Next are the extended synchronization primitives – Blocking Counter and Semi-Mutex.

 

Posted by Zlatko Michailov | 0 Comments
Filed under:

MSDK (Multithreading SDK)

MSDK is a C++ template library released under the GNU Lesser General Public License (LGPL) http://www.gnu.org/licenses/lgpl.html, which means it is truly free for any purpose. Nothing in MSDK is patented. Since MSDK is a C++ template library, it is distributed only as source code (plus samples and documentation). The archive could be downloaded from:

          http://prdownloads.sourceforge.net/msdk/msdk-2.10.053.tar.gz?download (37K)
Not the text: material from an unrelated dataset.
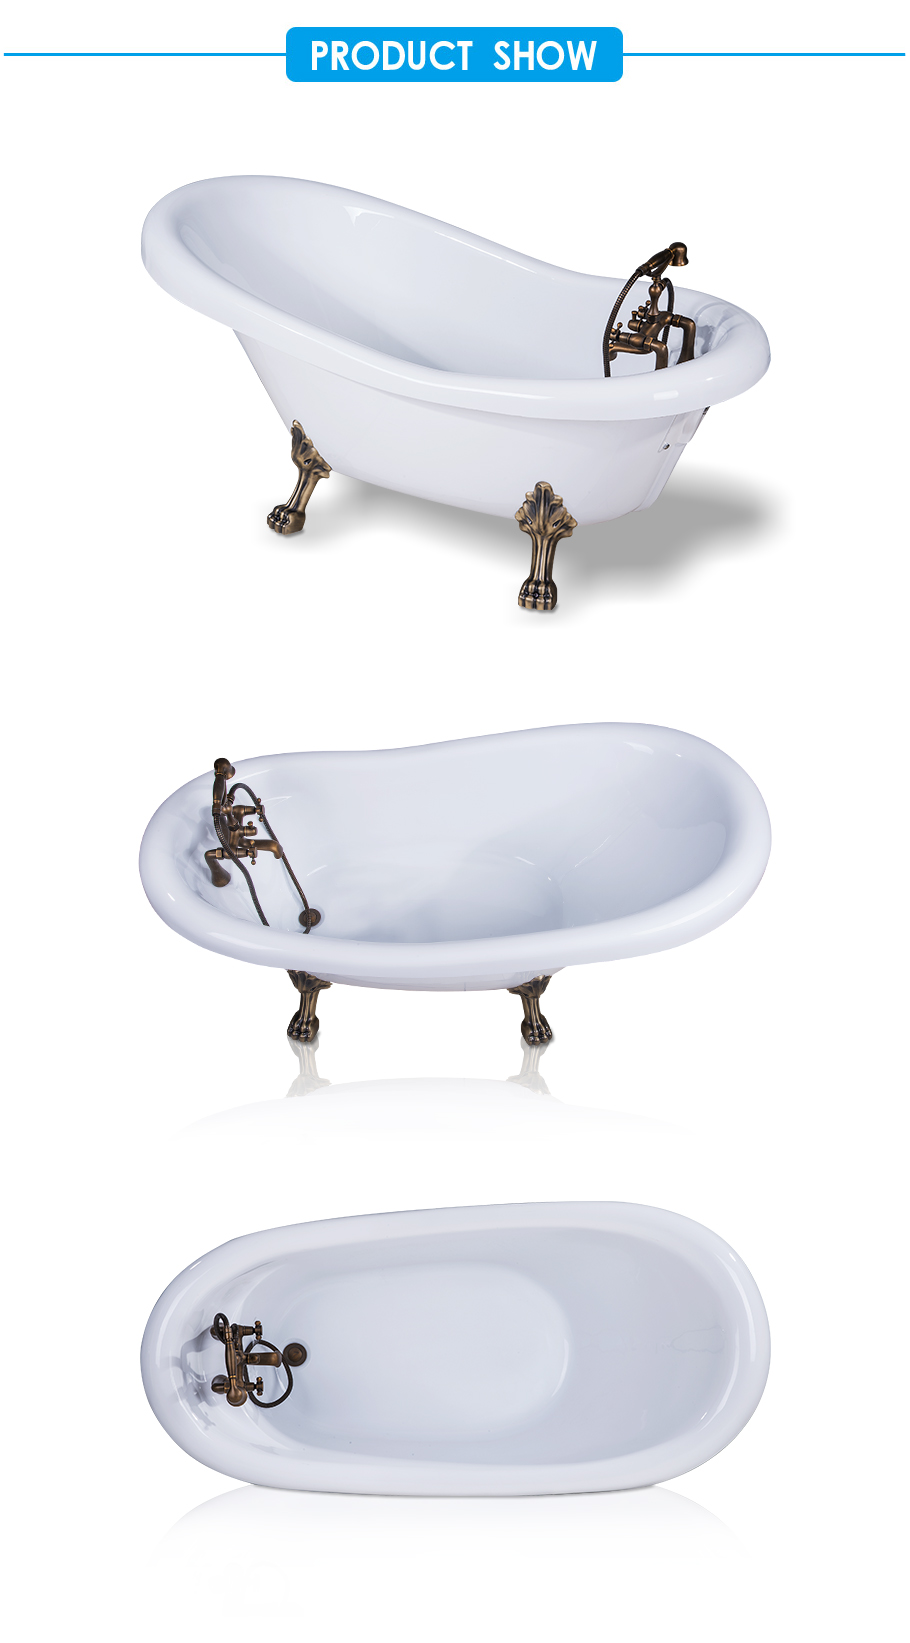 Goodwin Acrylic Clawfoot Tub in White

The source code may be browsed online at:

          http://cvs.sourceforge.net/viewcvs.py/msdk

 

MSDK builds and runs under Windows and Linux. Its purpose is to create a convenient OS-independent framework for C++ developers. MSDK uses directly Win32/MSVCRT under Windows, and Pthreads otherwise.

 

MSDK 2.10, released on 12/23/2004, includes:

Basic Primitives

·         Mutex      - exclusive lock

·         Event       - tri-state event: pulse, single, and permanent

 

Extended Primitives

·         BlockingCounter   - blocks when trying to decrement from 0. A cornerstone in MSDK!

·         SemiMutex          - shared- and exclusive locks mixed

 

Thread Support

·         Message<T>                 - optimized (typed) buffer carrier

·         BlockingSequence<T>     - queue/stack that blocks when trying to pop from an empty sequence

·         Thread                        - the most important feature

 

Multithreading Patterns

·         ReadWrite           - single writer multiple readers

·         ThreadPool<T>    - thread pool

 

Process Support

·         Config                - config file read/write

·         Log<T>              - asynchronous log writer

·         Service              - Windows service-, Linux daemon stub

 

I will elaborate on each class in my upcoming posts. Then I’ll reveal my vision about the direction in which MSDK should develop.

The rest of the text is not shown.